The EU-US Privacy Shield was the (predictably) failed attempt at a regulation between the US and the EU on the transfer of data from the EU to the US and processing by service providers located there.

The CLOUD Act (Clarifying Lawful Overseas Use of Data Act), on the other hand, is the basis for U.S. investigative authorities to access stored data in the context of law enforcement and regardless of where the data is stored.

Every company with headquarters or branches in the USA is subject to the CLOUD Act. This therefore applies to IT companies such as Amazon Web Services (AWS), Microsoft and Google, as well as to any “global player” from Europe. The CLOUD Act states that data stored outside the USA must also be made available to the US authorities if a US court has issued a corresponding warrant justifying this. Even then, however, the company still has legal remedies against this.

Using cloud services in Europe in a GDPR-compliant manner.

In Europe, compared to the USA – and of course even more so compared to China – society has a fundamentally different understanding of how to deal with personal data. The GDPR provides a legal framework. Even though there is an area of tension here, it is still possible to operate cloud solutions in a data protection-compliant manner in Europe. As LionGate, we have been implementing projects according to strict data protection criteria for our major customers for years.

In our view, the following must be taken into account:

    • Data storage in German data centers: To ensure data protection, many cloud providers now operate data centers in Europe or Germany. Customers can explicitly specify where they want to operate and store their services and data. As LionGate, we operate our cloud solutions in the AWS data center in Frankfurt, for example

.

    • Data is not a business model: For our customers, we develop and operate cloud solutions tailored precisely to their requirements. Our customers do not pay us for this with their data. We work with the cloud provider AWS, with which the shopping platform Amazon is often associated. However, the two are separate legal entities. AWS provides highly available, highly secure cloud infrastructure. Security and data protection are always top priorities. Regular audits and certifications confirm this. Not all providers of SaaS solutions can do this, which is why companies and government agencies should critically examine this on a case-by-case basis.
    • Contract data processing and technical and organizational measures: In order to be able to use a cloud service, the specific details of the cooperation and data protection must be set out in a Data Processing Agreement (DPA). The ADV also describes the necessary technical and organizational measures (TOM) to ensure data protection and security. Our customers' data protection officers regularly attest to the clarity of our ADV and the consistent implementation of the TOM. Only recently neutral data protection officers confirmed this with our vicole initiative.

The cloud as an enabler of digitization

Not least during the Corona pandemic, it became clear: The time is ripe to press ahead with digitization in Germany and Europe. We have also made this experience in recent months, particularly in connection with our vicole platform for schools. Since spring, we have implemented it at around 50 schools in Germany, thus supporting the digitization of these schools. And we are also continuing to talk to decision-makers in politics and education in order to jointly advance the topic even further.
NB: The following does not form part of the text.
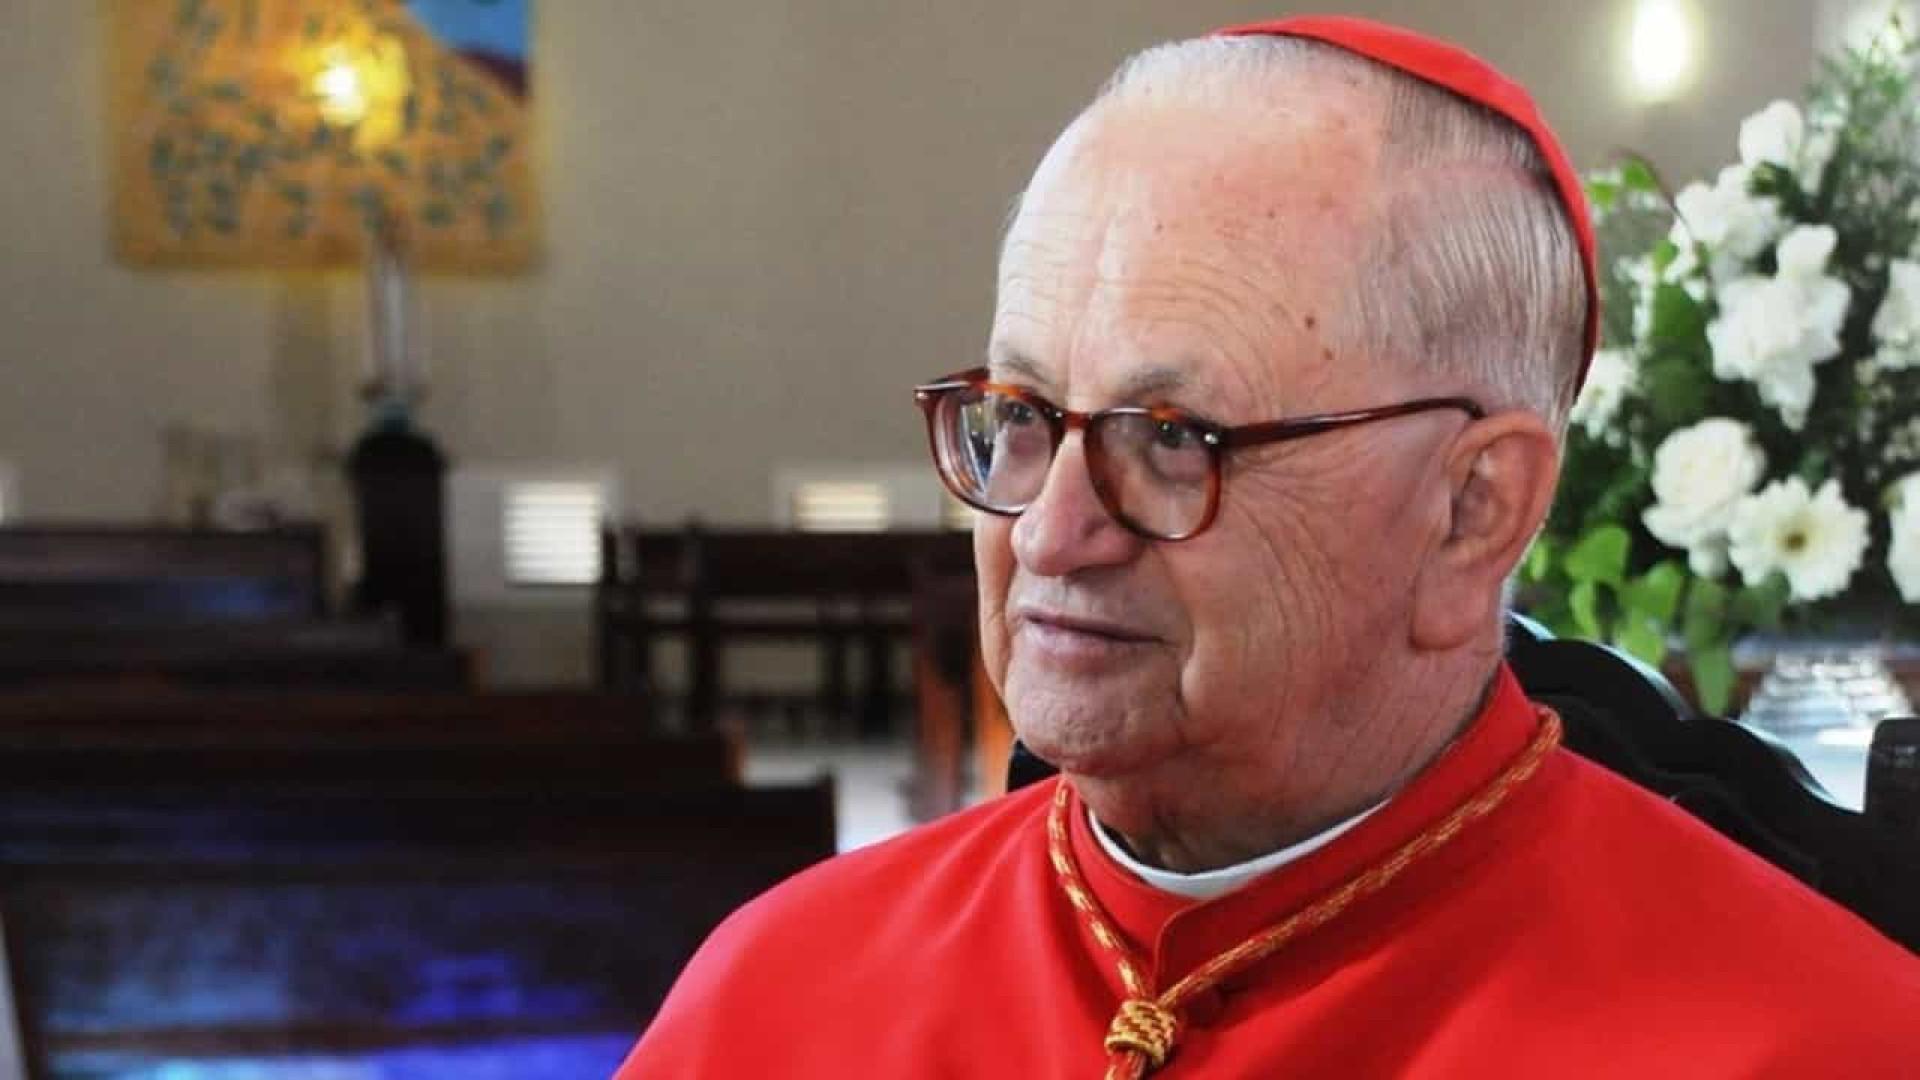 Morre dom Eusébio Scheid, arcebispo emérito do Rio, vítima da Covid-19

The cloud plays a central role in the topic of “digital school”. And this also applies to other areas: The cloud is the essential enabler of digitization. Just as electromobility cannot do without electricity, digitization cannot do without the cloud.
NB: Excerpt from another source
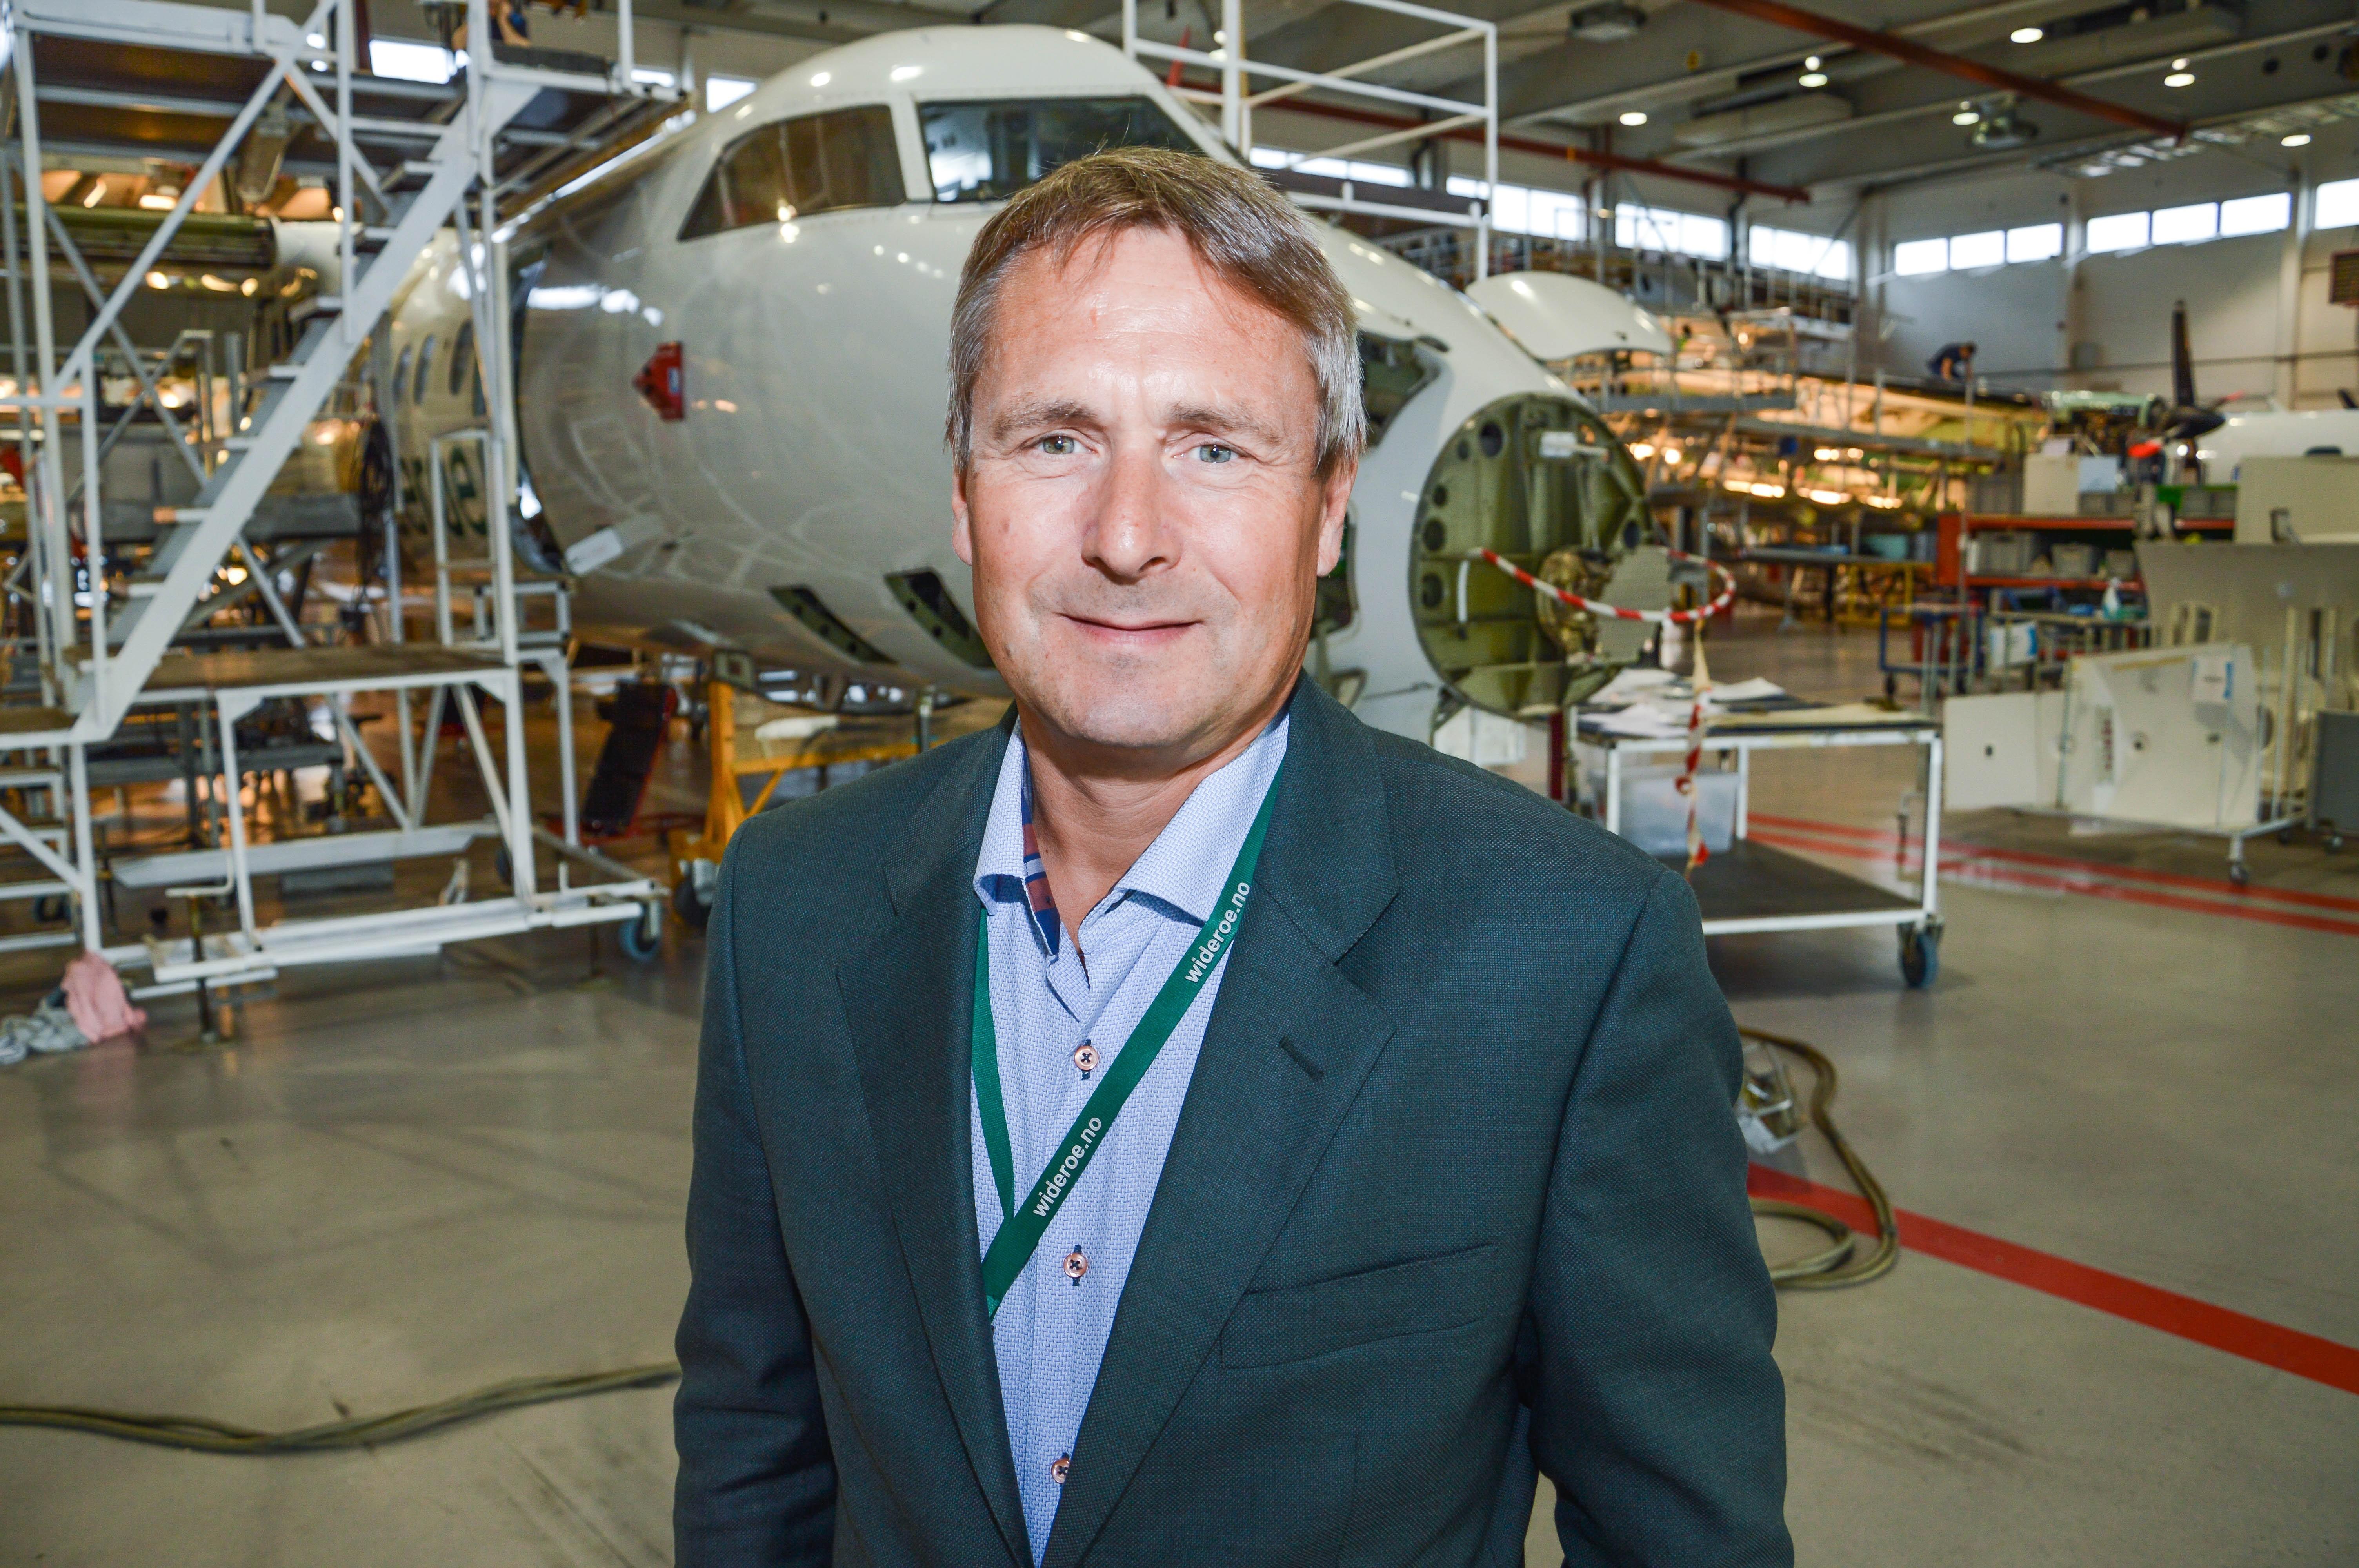 Administrerende direktør Stein Nilsen i hangaren i Bodø, hvor flere fly står inne for demontering før inspeksjon.

The main points to be mentioned here are:

  • Innovation: New technological innovations such as artificial intelligence (AI) and the Internet of Things (IoT) can no longer do without the cloud. This is because AI services generate large volumes of data and require high computing power. Setting up high-performance, scalable systems is very expensive, and in order to be able to access the required computing power quickly and in good time, a company's own servers are not sufficient. Many companies therefore already rely on cloud-based systems. And so call up the computing power they need, whenever they need it. Without consuming resources unnecessarily, for example for servers that they do not constantly utilize. This trend will continue to grow.
  • Elasticity: Only cloud infrastructures offer the necessary elasticity to respond flexibly to customer requirements. Thus, depending on demand, additionally required resources can be made available at short notice for peak demand. If they are no longer needed, they can be released again quickly and easily. One example: schools that quickly needed large computer capacities for online learning platforms during the Corona pandemic. Some districts in Bavaria procured up to 20 servers. But these were only fully utilized at certain times - a waste of resources. And with the return to face-to-face teaching, these capacities are now no longer needed at all. Those who relied on cloud solutions here - and not on their own servers - also conserved the budget resources of the schools or districts.
  • Agility and flexibility: Digitalization requires new flexible and agile models of collaboration. Companies must continuously focus on changing customer needs and be able to respond quickly. The cloud optimally supports this approach and also technical practices, such as Continuous Deployment or DevOps .
  • Collaboration: Digitalization also ensures that individual players within value chains work more closely together. And that value chains are redefined.
  • Costs: Finally, as already explained above using the example of schools, costs can be saved significantly through the sensible use of cloud solutions.

The cloud provider market

US providers such as AWS, Microsoft, IBM and Google dominate the cloud provider market. AWS is by far the market leader, which independent market research companies such as Gartner confirm (see figure “Magic Quadrant for Cloud Infrastructure as a Service, Worldwide”).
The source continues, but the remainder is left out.